Быстро, почти бегом, ввалились в канцелярию приговоренные к смерти арестанты, торопливо и беспорядочно звеня своими кандалами, прыгавшими и бившимися на их телах. Окруженные тесной и трусливой толпой городовых, преступники единым духом были увлечены в канцелярию и здесь, все сразу, вместе с городовыми, остановились, как вкопанные, и обратили свои взоры на чиновников…
Будто струя жесткого холода вошла сюда, и, подчинившись ему на миг, все замерло; а затем, товарищ прокурора стал решительно читать приговор. Произносил он слова с заминкой, но внятно, почти крича, точно внушая всем приговор, защищался им, оправдывался, объяснял, взваливал все на него, отдавая ему в жертву себя, всех и все… И все приободрились, слушая приговор, словно прятались за него, спасались им, становились незаметными и незначащими, безличными; он облегчал их, выручал из положения, в каком они находились. Эти люди органически требовали момента отдыха, передышки от того гнета и трепетного страха, которым они были полны, и получали этот перерыв тяжким самообманом, которому радовались и отдавались.

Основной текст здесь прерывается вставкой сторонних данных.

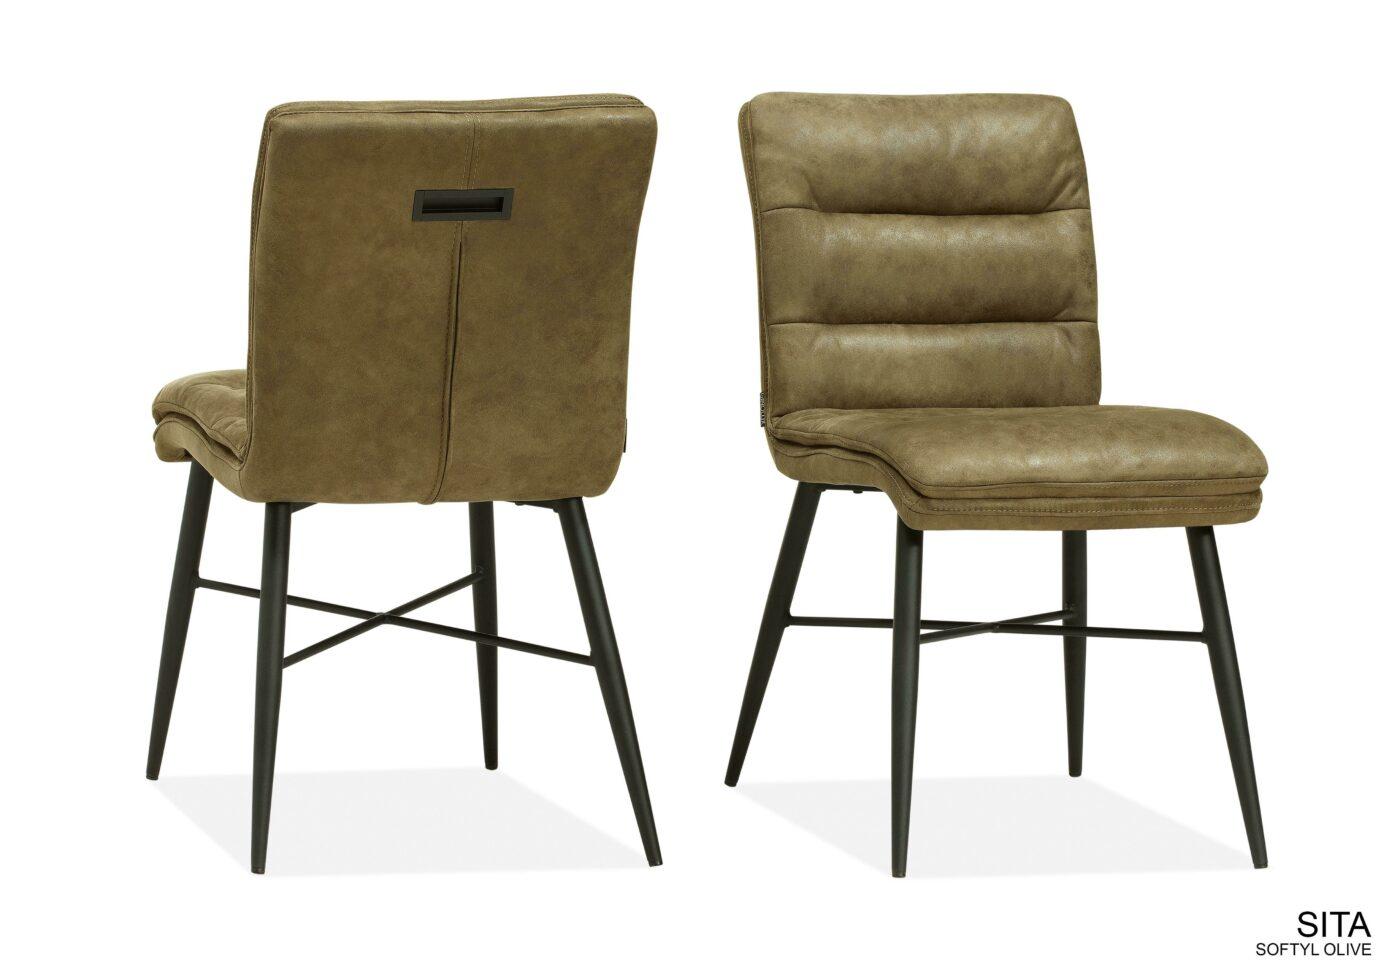 Sita stoel
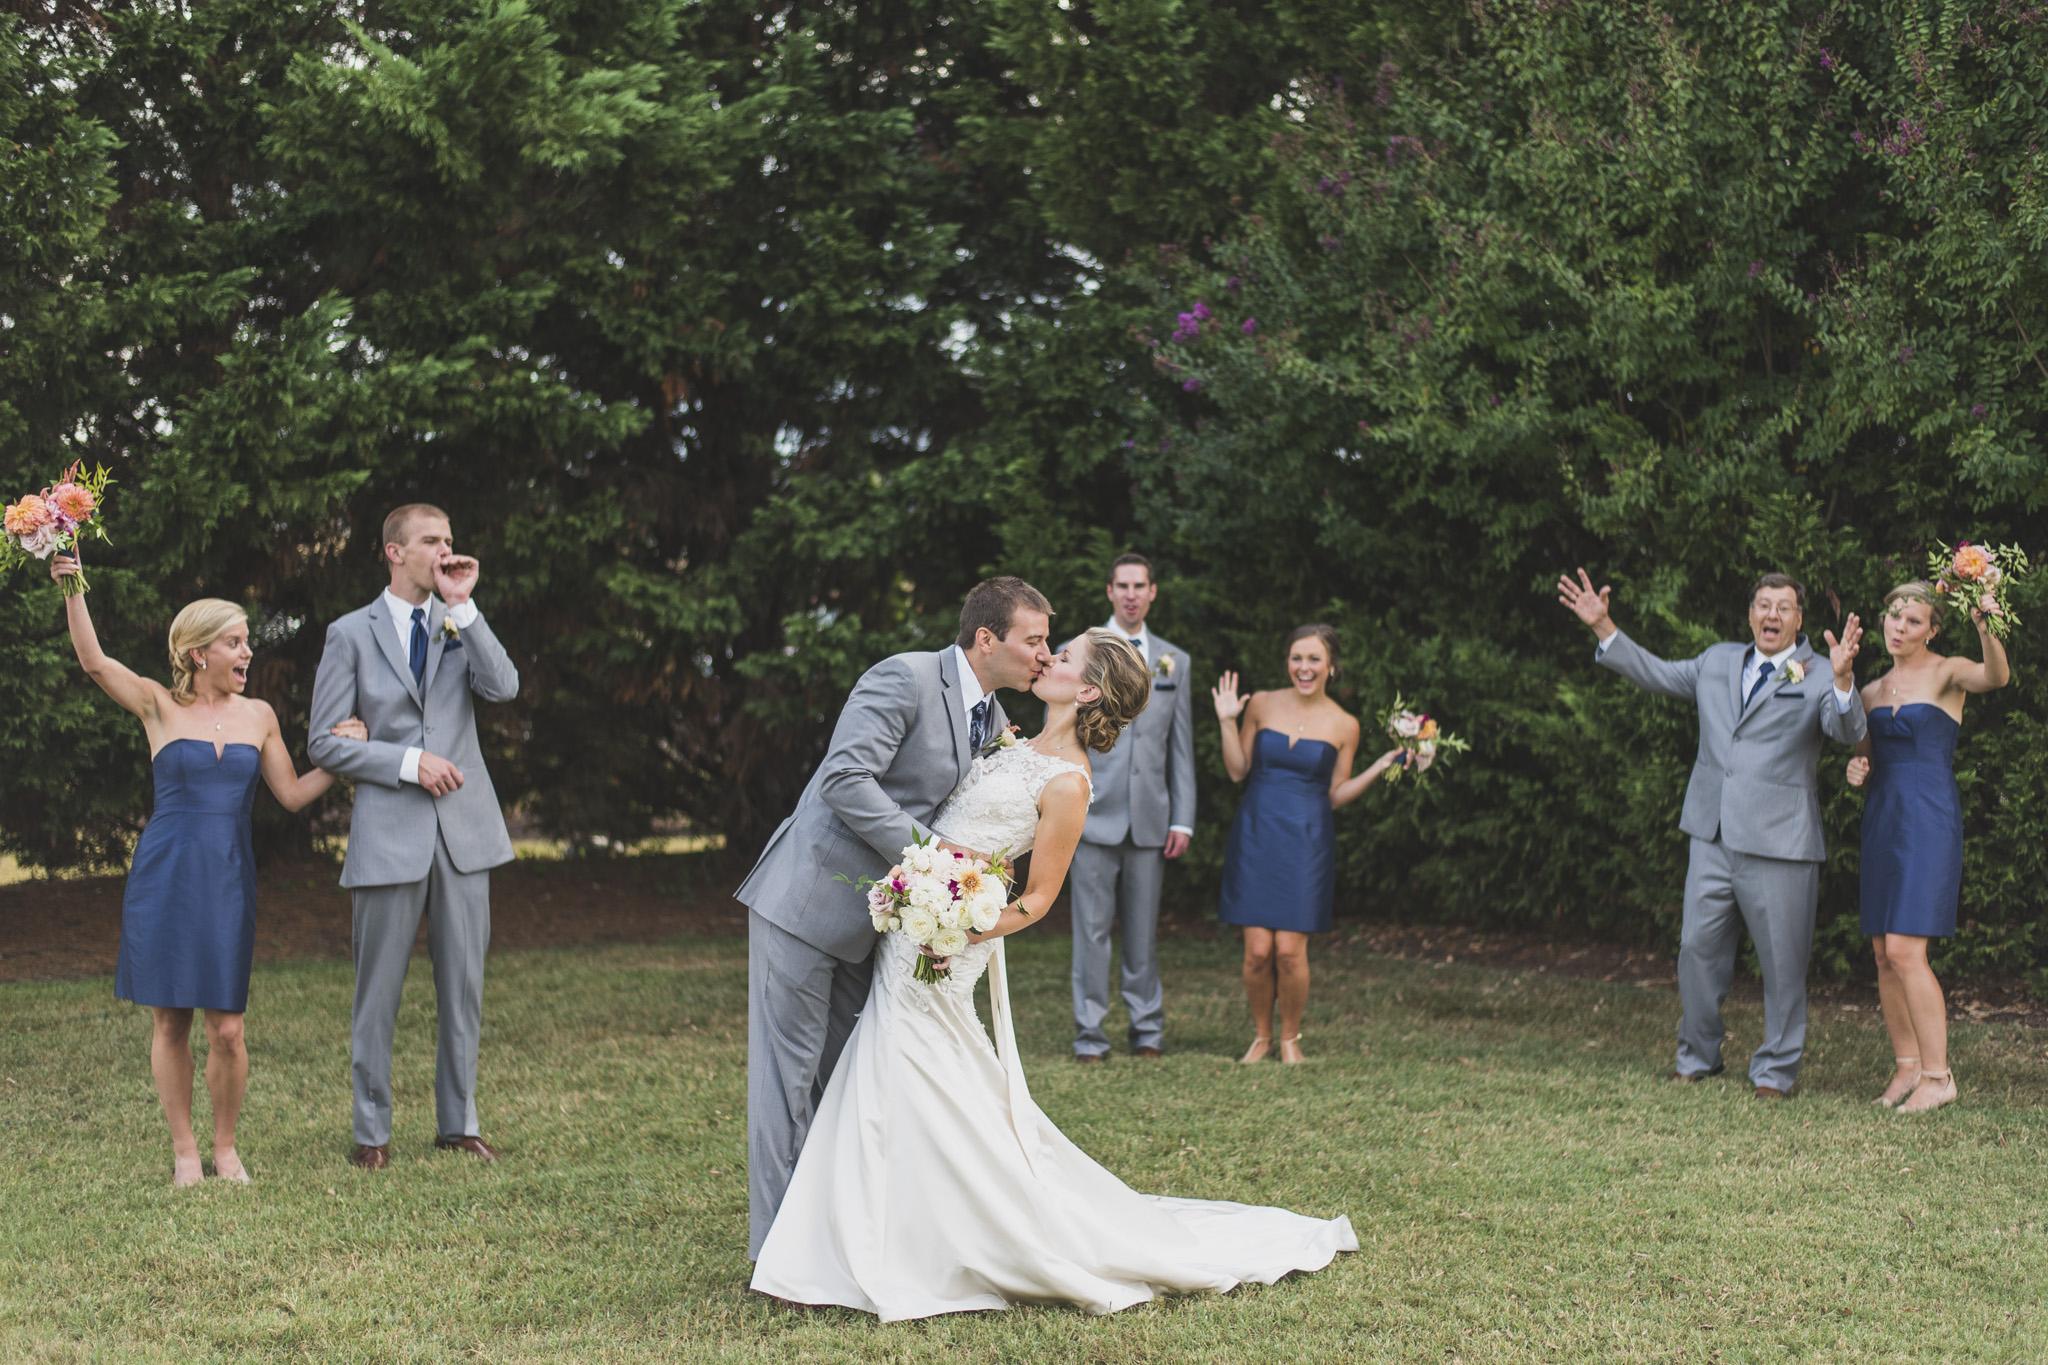 West Manor Wedding_Lynchburg VA_Classic_Black tie_Forest VA_Wedding_photos2066.jpg

Приговоренные к смерти четыре человека находились в центре и смотрели на товарища прокурора остекленевшими взглядами беспамятного, резкого страха. В их глазах остановилась крайняя безнадежность, переживаемая на границе жизни и смерти, когда уже нет первой и еще нет другой… Было ожидание той силы и значения, которых никакими словами выразить нельзя, потому что его нельзя усвоить и определить. В их обликах, отекших лицах светилась бесконечная тоска…
Андрей жался все плотнее к стенке, словно старался втиснуть себя в нее, и изнывал от переживаний, которым нет оценки, но непоколебимо терпел… Он больше чувствовал, чем понимал, что теперь происходит то, что страшнее всего на свете, выше всех ужасов жизни, фантазии, ада и пытки…
Чтение приговора окончилось скоро, и сейчас же все сразу сорвались с места и при общем шуме шагов и цепей направились поспешно к выходу, толкаясь и спеша, в инстинктивном стремлении выйти скорее, в неясной потребности скорейшего окончания этого дела…
Товарищ прокурора, доктор, священник, секретарь суда очутились на улице и почти побежали, стараясь держаться ближе друг к другу и в то же время опережать один другого; они стремились к черневшим правильными громадами неподалеку от участка, среди крепостных валов казармам…
Андрей спешил с ними, боясь их потерять, отделиться от общей компании…
Пристав же, надзиратели и городовые вдруг, как бы стихийно, сообща бросились на преступников и с безмолвной, чисто нервной яростью беспощадно потащили их по ступенькам лестницы во двор. Они волокли их тесной гурьбой, почти в свалке, тяжелые порывистые вздохи и вскрики мешались с беспорядочным лязгом цепей и стуком кандалов и сапог. Казалось, что эти люди обезумели от страха перед неизбежными мольбами и слезами, что они без памяти спешили избавить себя от них, от глаз и лиц преступников, и все это рождало в них гнев и ярость. Они пришли в бешенство от тяжелых переживаний, которые преступники им давали своей участью. Быстро, чтобы те не могли опомниться, они впихнули, почти бросили приговоренных к смерти в ожидавшую посреди двора громоздкую, черную и глухую карету, стремительно стукнули дверцей и затянули засов. Карета затряслась, загромыхала по камням мостовой и, окружив ее, бежали, будто убегали вместе с ней, полицейские. И, запыхавшись и взволнованные, они прибежали к месту, где должна была совершиться казнь…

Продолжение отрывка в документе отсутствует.